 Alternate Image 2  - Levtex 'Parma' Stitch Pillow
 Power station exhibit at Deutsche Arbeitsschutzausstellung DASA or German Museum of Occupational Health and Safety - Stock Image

...

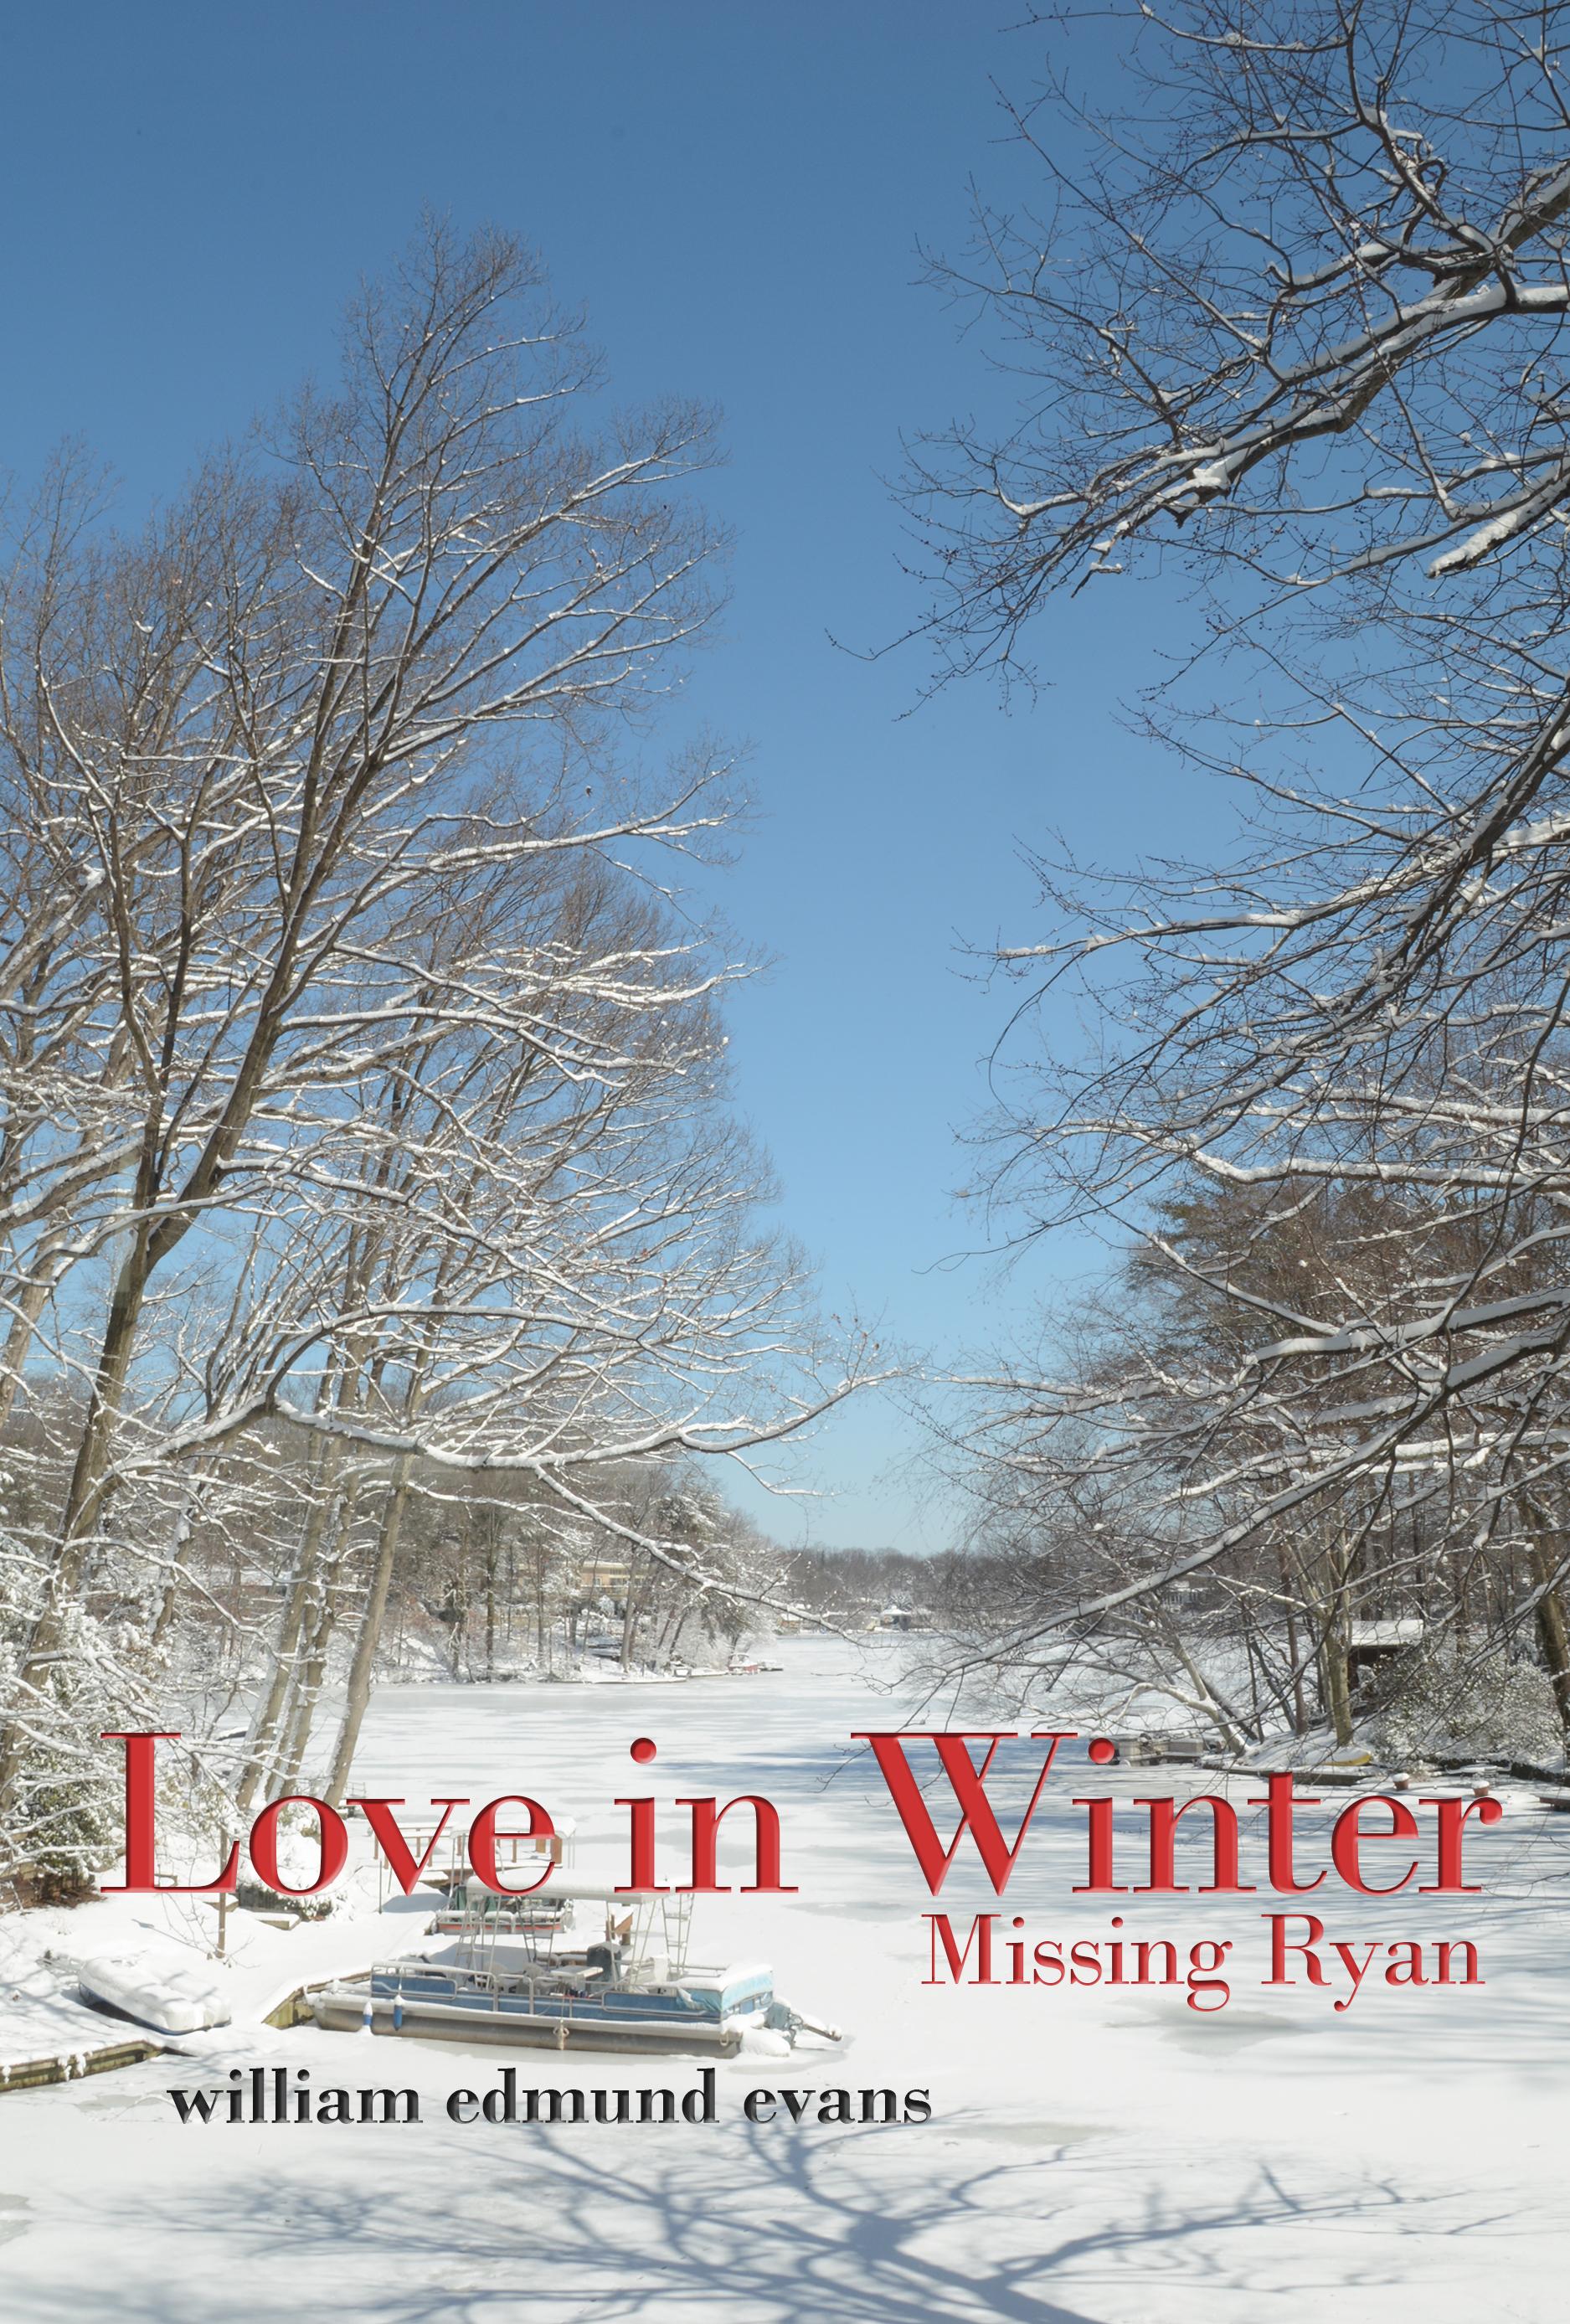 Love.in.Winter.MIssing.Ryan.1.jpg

==

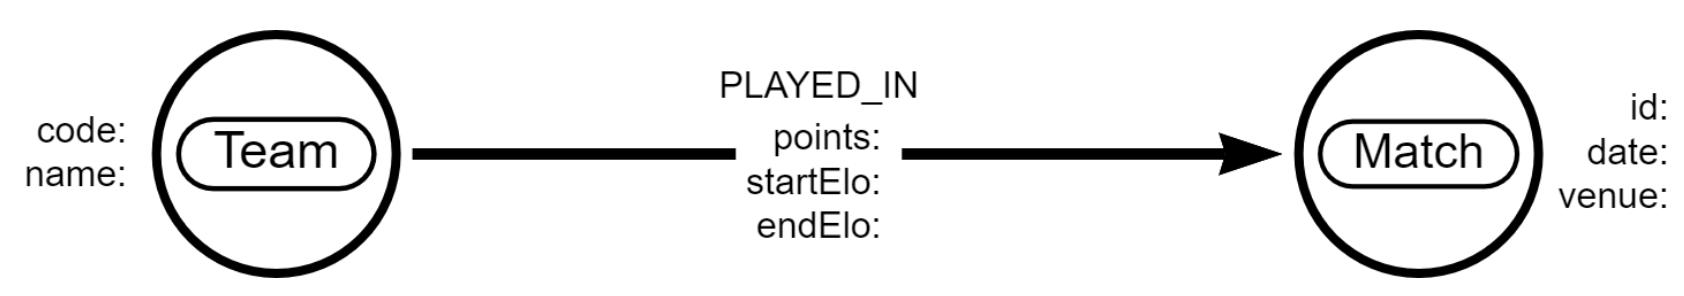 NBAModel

● Task statement
Check each line of the material for the string "Image", then state how many lines have it and nothing more.

● Output for this task
2